# Spraying Brisket While Smoking



## V-Bottom (Jun 16, 2007)

What is the ration of apple juice, apple cider vinegar, and water?


----------



## BCA01 (Sep 3, 2011)

You can use any one of the three or any combo of the three as far as I know. I don't know exactly what Franklin uses but I searched a little trying to find out. I've used roughly a 50/50 mix of water and ACV the last couple times and it's worked well.


----------



## V-Bottom (Jun 16, 2007)

I'll research this a little more. I'm going with 30-30-30 for now.


----------



## Poon Chaser (Aug 22, 2006)

I go 50/50 water/vineger. I have a buddie that has won some competitions by pour pickle juice on it when he wraps it. Haven't tried it but again... he has won with it

Sent from my SAMSUNG-SM-G900A using Tapatalk


----------



## K Man (Jun 21, 2012)

**** Chaser said:


> I go 50/50 water/vineger. I have a buddie that has won some competitions by pour pickle juice on it when he wraps it. Haven't tried it but again... he has won with it
> 
> Sent from my SAMSUNG-SM-G900A using Tapatalk


That's a really big secret!


----------



## Poon Chaser (Aug 22, 2006)

Really???

Sent from my SAMSUNG-SM-G900A using Tapatalk


----------



## Poon Chaser (Aug 22, 2006)

Good news is V Bottom don't read reply's. Lol

Sent from my SAMSUNG-SM-G900A using Tapatalk


----------



## HAYBL (Nov 14, 2006)

**** Chaser said:


> I go 50/50 water/vineger. I have a buddie that has won some competitions by pour pickle juice on it when he wraps it. Haven't tried it but again... he has won with it
> 
> Sent from my SAMSUNG-SM-G900A using Tapatalk


 Some have said that pickle juice is the secret to Franklin's brisket.
I've never tried it but it might be worth it. I believe the rumor was they rubbed it down with pickle juice before smoking.


----------



## Poon Chaser (Aug 22, 2006)

HAYBL said:


> Some have said that pickle juice is the secret to Franklin's brisket.
> I've never tried it but it might be worth it. I believe the rumor was they rubbed it down with pickle juice before smoking.

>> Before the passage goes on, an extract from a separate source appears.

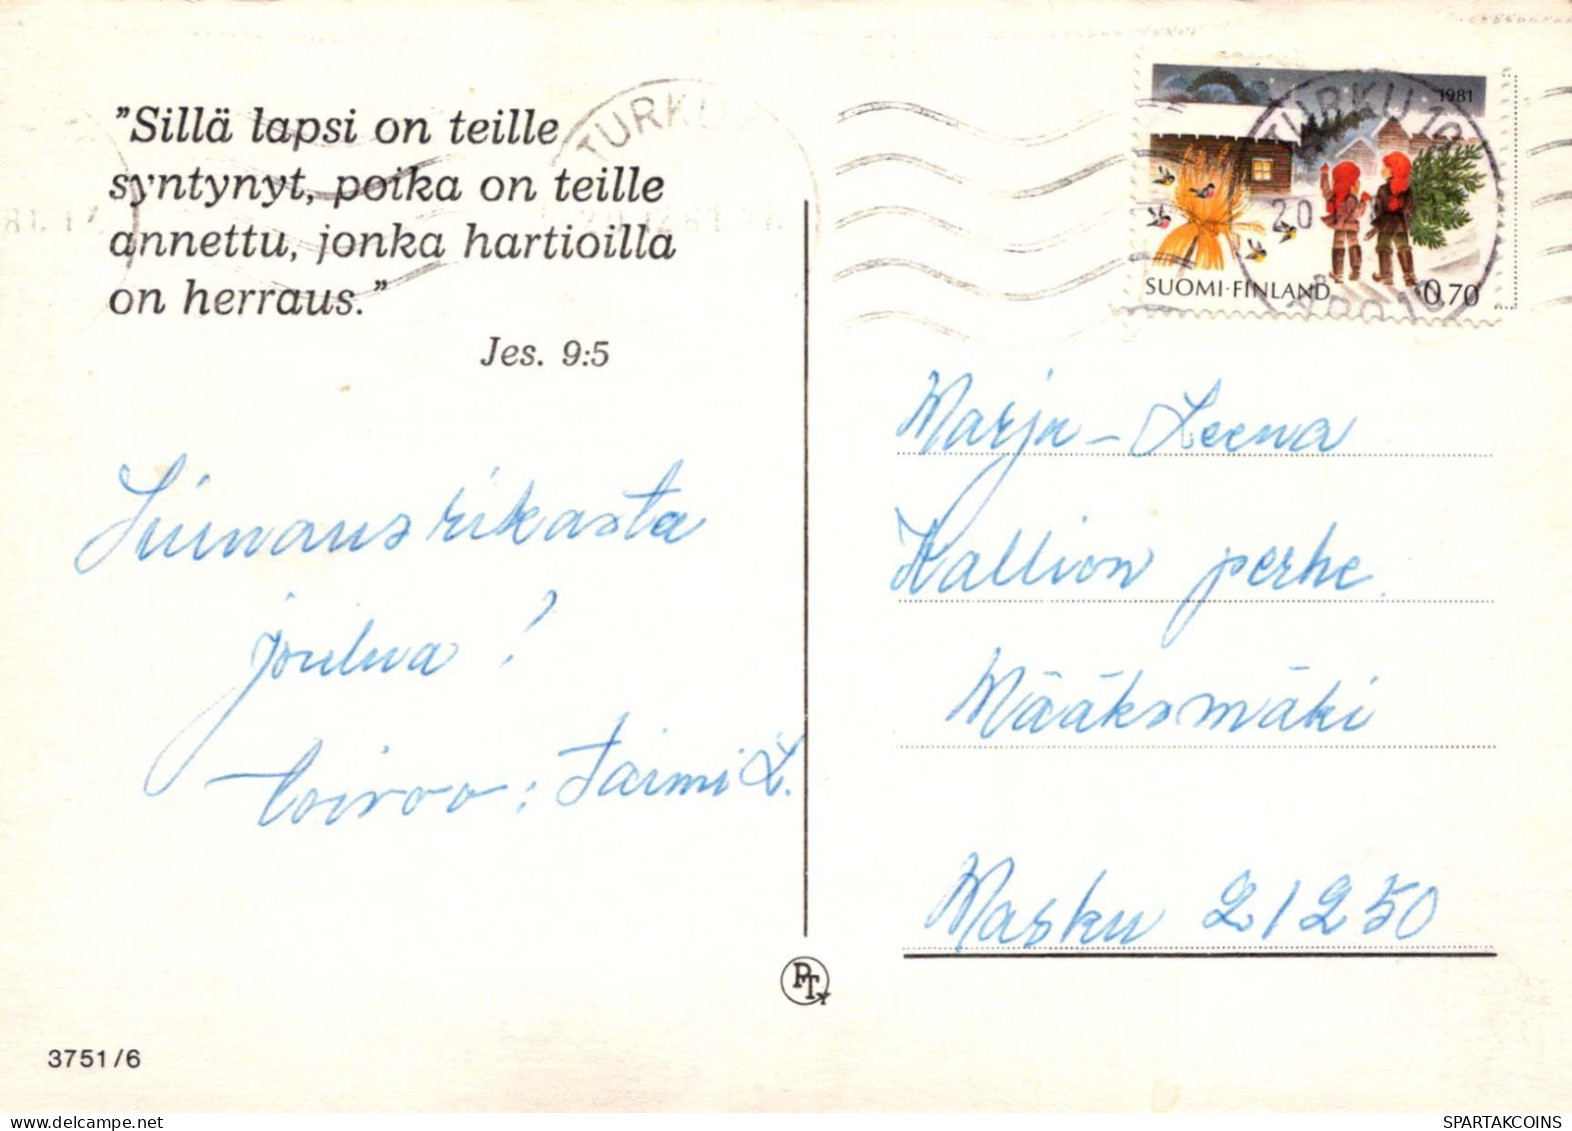 Vierge Marie Madone Bébé JÉSUS Noël Religion Vintage Carte Postale CPSM #PBB818.FR - Jungfräuliche Marie Und Madona

IMHO... rubbing it pickle juice won't do doodle squat just before your put it on pit. All spraying does is help develope a good bark.

I can however see advantages to adding it when wrapped. Particularly if the temperature stalls

Sent from my SAMSUNG-SM-G900A using Tapatalk


----------



## CaptJack (Jun 13, 2004)

mine is 50% apple juice
25% apple cider vinegar
25% pineapple juice
it lives in the fridge in the spray bottle


----------



## K Man (Jun 21, 2012)

**** Chaser said:


> Really???
> 
> Sent from my SAMSUNG-SM-G900A using Tapatalk


It will make your meat taste like pickles why ruin a good brisket!


----------



## RB II (Feb 26, 2009)

Apple juice. Just to help with bark and moisture.


----------



## CaptJack (Jun 13, 2004)

& i always use a water pan in all of my smokers
in my pellet cooker


----------



## Poon Chaser (Aug 22, 2006)

K Man said:


> It will make your meat taste like pickles why ruin a good brisket!


That's why I have never tried it. Lol

Sent from my SAMSUNG-SM-G900A using Tapatalk


----------



## T-Muney (Aug 12, 2005)

HAYBL said:


> Some have said that pickle juice is the secret to Franklin's brisket.
> I've never tried it but it might be worth it. I believe the rumor was they rubbed it down with pickle juice before smoking.


Interesting I may have to try it, but i think the biggest secret to franklins Brisket is that he buys a dam good brisket to start with.


----------



## HAYBL (Nov 14, 2006)

T-Muney said:


> Interesting I may have to try it, but i think the biggest secret to franklins Brisket is that he buys a dam good brisket to start with.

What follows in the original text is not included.